The trick there is convincing anyone it's worth the trouble to make in the first place.

They already had oils lamps, could you sell it as a better lamp oil? Dunno about that.

You need the raw drilling and pumping industry, then the refinement industry, and then "something(s)" to burn it all in.

Sure, we all know about gas and cars, but that's not how the industry started. It took off with Kerosene. But, I'm not quite sure what the primary use case was for the Kerosene in the public space. Heat? Light? Industrial power?

Kerosene is a far superior lamp oil than the typical olive oil...

Bituminous tar was in natural seeps; being able to get the heavy tar pulled out from the lighter oils improves its use as waterproofing.

It's not the "boil it to render the tar proper for boating use" that's the hard part (that was, in fact, done).

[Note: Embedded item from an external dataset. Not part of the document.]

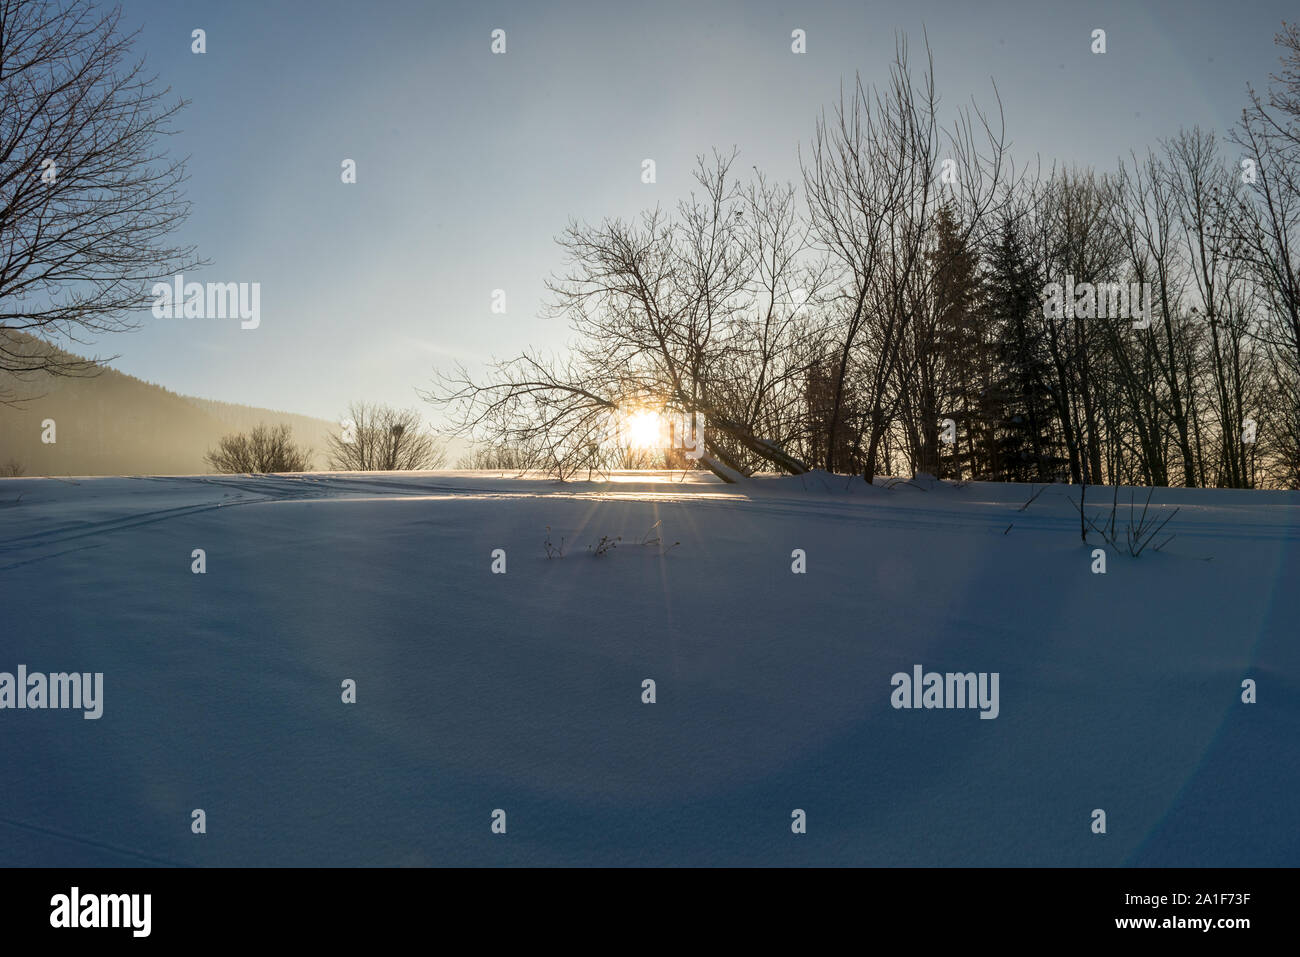 Wintermorgen scenry wih Schnee, Bäume, Sonne und klarem Himmel auf Butoranka oben Dorf in Moravskoslezske Ostravice Beskiden in der Tschechischen Republik Stockfoto

It's the concept of catching the vapor and condensing it into kerosene, gasoline, and a half-dozen others.

THing is, distillation was known in Greece at least as far back as 200 BCE... pointing out that pitchblend can be distilled isn't that big a leap.
 
Exactly. Once you can get more work out of another source, slavery loses its utility. For example, if our time traveler showed the Romans a better harness and wagon design that made horse teams capable of moving more stuff than human slaves consuming the same resources were capable of, slaves are no longer economically competitive to move stuff. The result is you hire a laborer to operate the horse team and wagon, maybe load and unload it too. That becomes the new model of economic efficiency at moving stuff.
Slaves can handle horses too. My point is slave owners will be reluctant to part with their property just as they were in the South, and fought a civil war to keep their slaves. Slaves are a form of wealth and it is hard to convince people to give up their wealth. Some forms of slavery will continue for example, slavery is an effective way to punish criminals, and I think there will still be crime as technology advances, prisons cost money, feeding and housing prisoners cost money, the Roman government would just rather sell its prisoners as slaves and that way they can pay for their crimes. Murderers probably get sent to the arena, or they are simply executed in public. Probably crucifixion would continue, another form of execution is feeding them to beasts. The point is to deter crime by making executions public. Human collateral could also be used for personal loans. A Roman citizen can take out a college loan, and if he can get a job and pay it Off, fine, otherwise he may become an indentured servant. The prior career rolls would include a chance if being sold into slavery as a possible mishap. The price of slaves would go down as the demand for slaves decreased., but it would still exist to some degree because of social inertia.
 
Slavery within the Roman Empire is a rather complex subject: it could range from being on the wrong side of a war, to actually having arranged to sell yourself into in order to access certain professions and positions (like a eunuch, without the physical sacrifice).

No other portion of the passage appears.